The Arkansas girl’s people emigrated from France into South Louisiana by way of Cuba. (Her parents met at Louisiana State U, where he was a ballplayer.) She thinks France is the most beautiful and fascinating country in the world, with the best cuisine. The food is great even in the airport. When we’ve visited there, she’s frequently been stopped on the street by people asking directions. She has to haltingly explain that, appearances notwithstanding, she doesn’t actually speak the language.

So France is out. Even if we could afford it. Besides, she’d never leave Arkansas unless the entire Gang of Four—her closest girlfriends for forty years—agreed to come too. Me, I don’t know how I’d get along without my daily Boston Red Sox broadcast, or Arkansas Razorback basketball for that matter. Somebody’s got to load up the pack for their daily outing at the dog park, and it’s pretty much got to be me.

No matter. Because while I fear that the several months following the November 2024 election will be filled with turmoil and foreboding—Trumpist loudmouths have made it clear they will accept nothing but victory and will resort to violence if denied—I believe that Trump is not going to be inaugurated come January 2025.

The exact sequence of events is impossible to predict, but in terms the former Apprentice star would understand, the Trump Show is about to be cancelled. He has zero chance of winning the popular vote. None. The public is heartily sick of him. Just seeing his scowling face and listening to his endless boasting and whining have become almost unendurable.
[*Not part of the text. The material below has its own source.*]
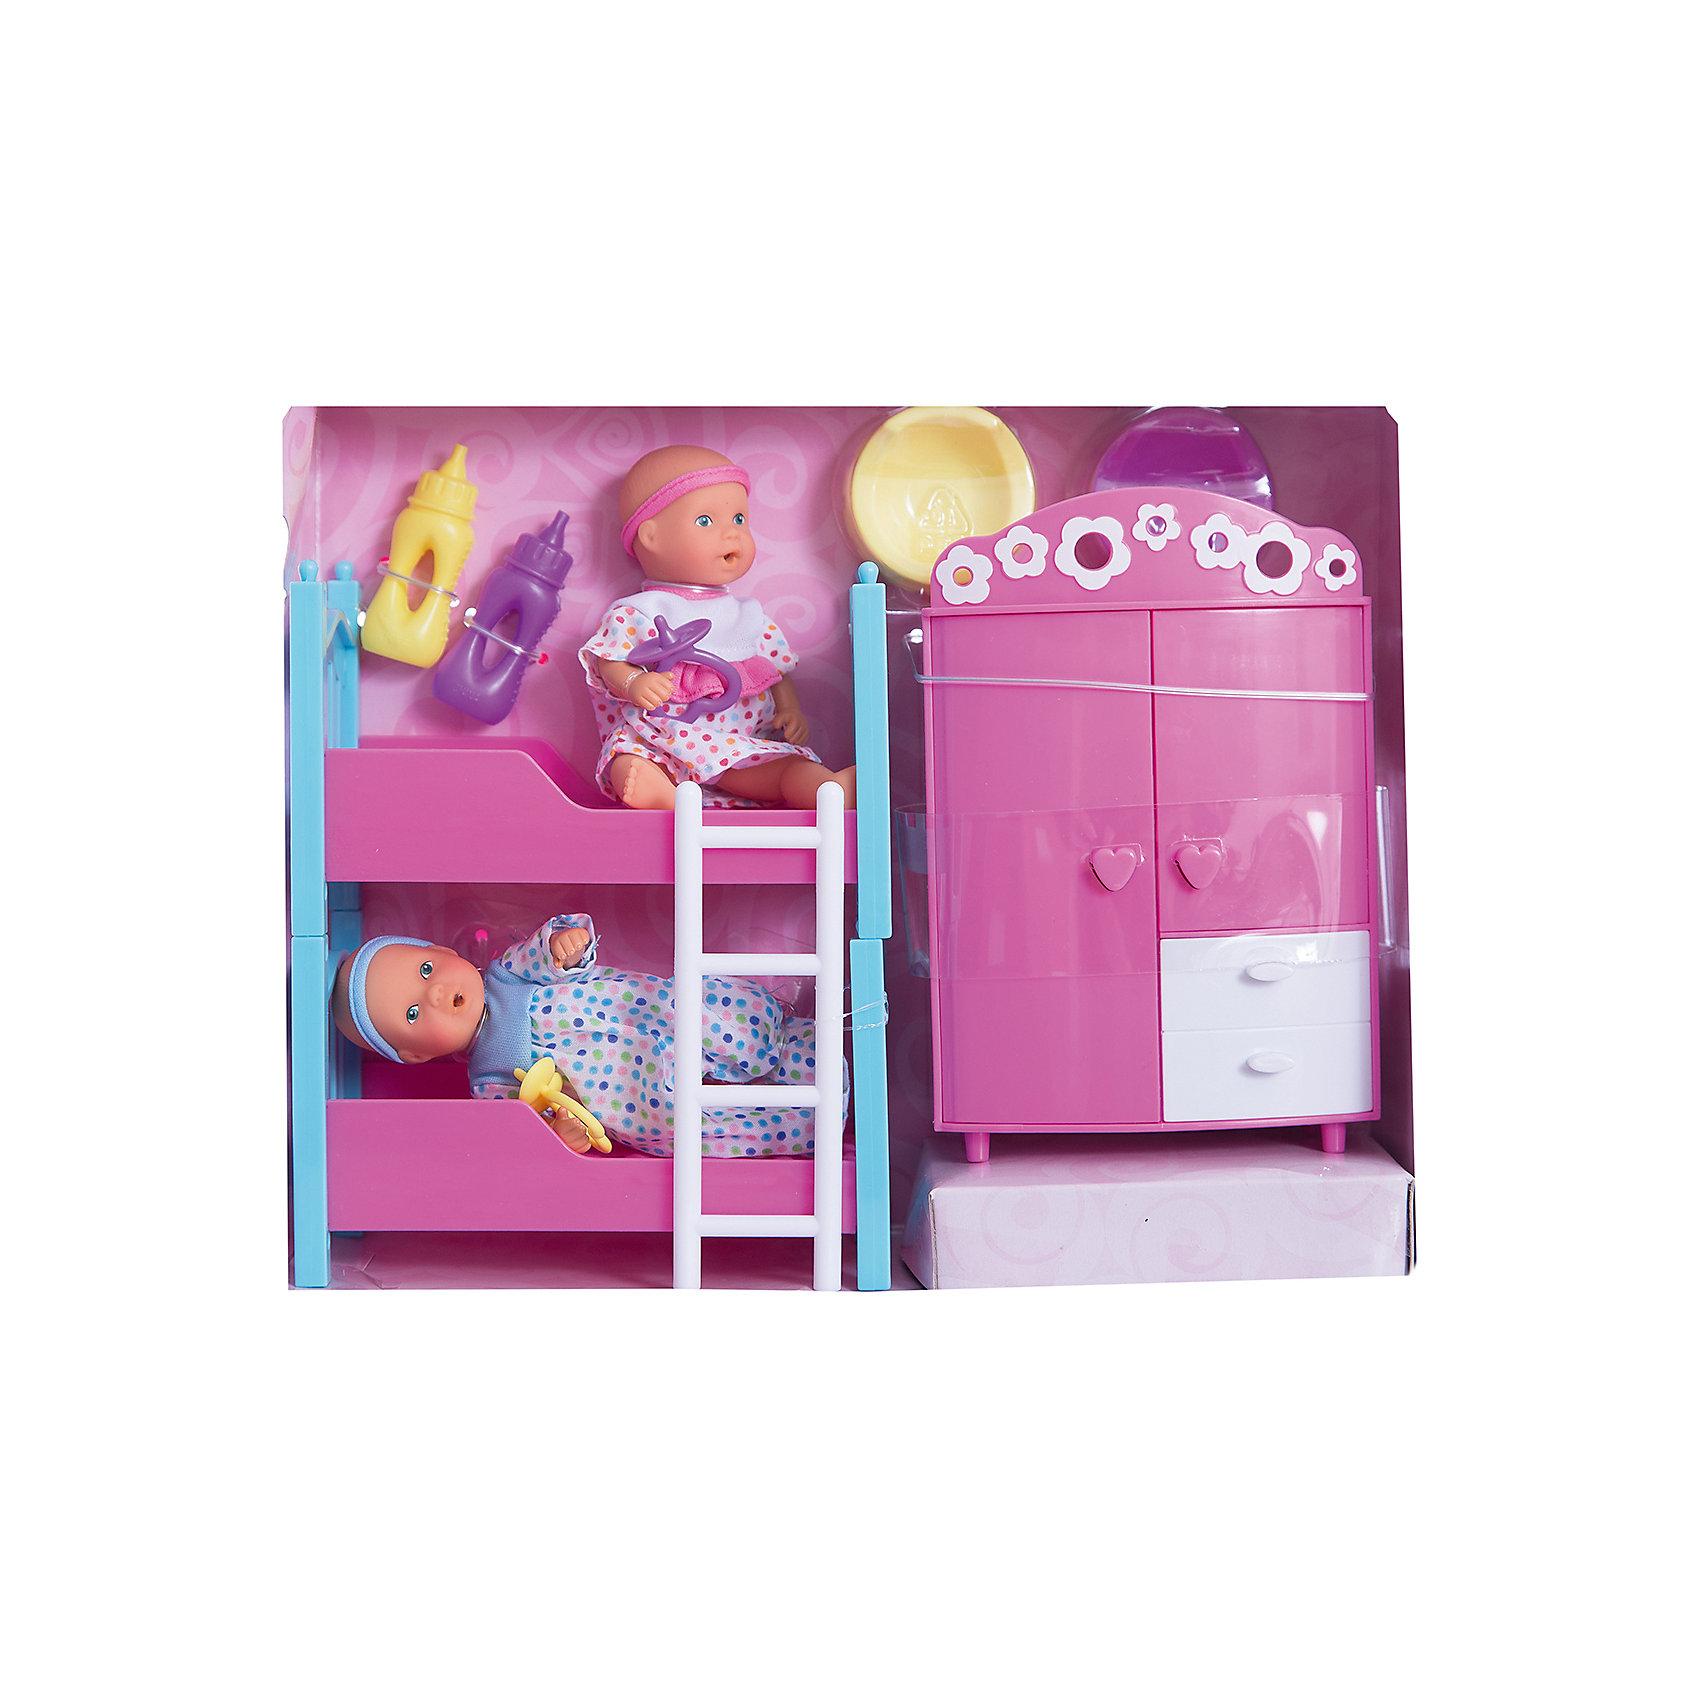 Simba Набор пупсиков в детской спальне, 12 см, Simba

For that same reason he has little chance of running the table in the so-called “swing” states. Also, this time around no amateur insurrection will take the authorities by surprise. Trump’s attempts to summon a mob to disrupt his New York trial have fallen flat.

So never fear, it’s almost over.

Gene Lyons is a former columnist for the Arkansas Democrat-Gazette, a winner of the National Magazine Award, and co-author of The Hunting of the President.